Sendgrid-nodejs: Cannot import type definitions from `@sendgrid/mail`

Created on 6 Apr 2018  ·  7Comments  ·  Source: sendgrid/sendgrid-nodejs

Issue Summary

I cannot import and use the type definitions from @sendgrid/mail with TS v2.8.1. Very likely that I've just misunderstood, but have tried a few things after reading the index.d.ts.

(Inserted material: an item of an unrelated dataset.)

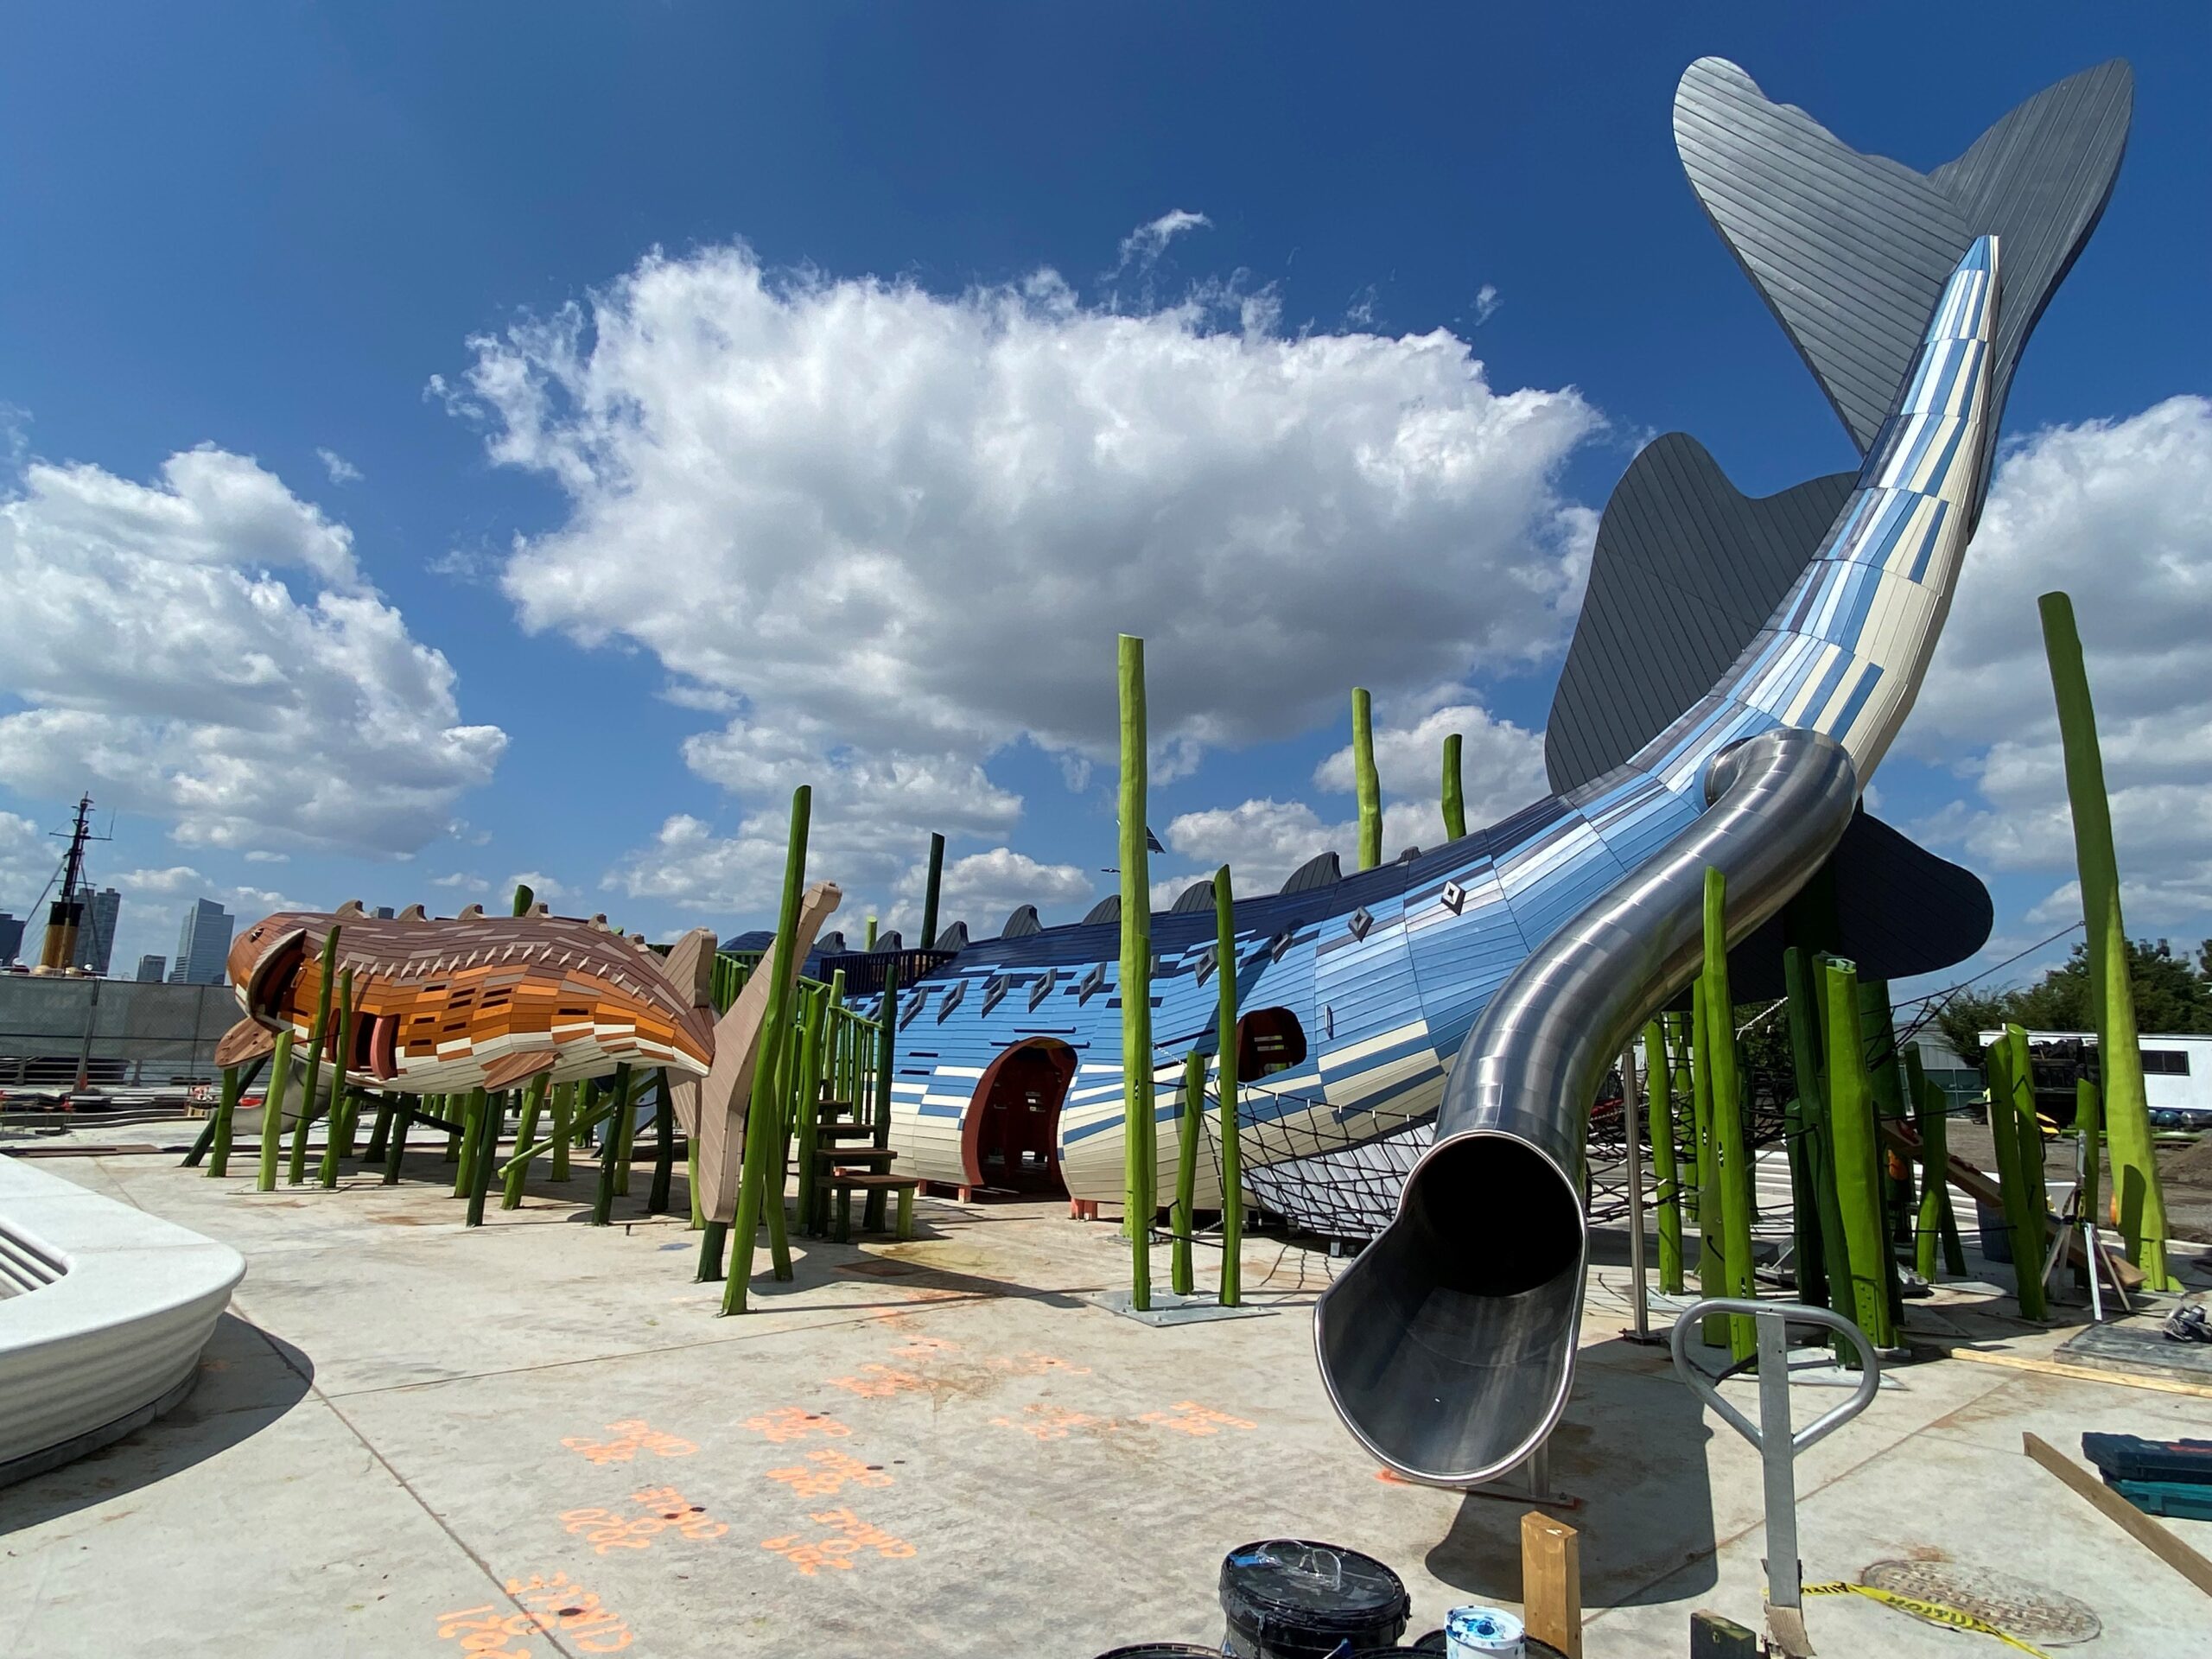 Playground slides designed to look like sturgeon under construction at the Pier 26 Science Play Area

Seems the type I would like is MailService & { MailService: MailService; }, so says tsc if I try to arbitrarily assert something like:

SendGrid.setApiKey('blahblah')
export default Sendgrid as SomethingElse

Steps to Reproduce

Doesn't work:

import SendGrid = require('@sendgrid/mail')

interface Foo {
  mail: Sendgrid.MailService // [ts] Cannot find namespace 'Sendgrid'
}

Also doesn't work:

import { MailService } from '@sendgrid/mail'

interface Foo {
  mail: MailService // [ts] Cannot find name 'MailService'
}

Technical details:

  • sendgrid-nodejs: v6.2.1
  • typescript: v2.8.1
  • node: v9.6.1

tsconfig.json:

{
  "compilerOptions": {
    "baseUrl": "./",
    "module": "commonjs",
    "outDir": "dist",
    "sourceMap": true,
    "strict": true,
    "target": "es6",

    "paths": {
      "@/*": ["src/*"]
    }
  }
}

Mentioned this in #476 - thought it might be related.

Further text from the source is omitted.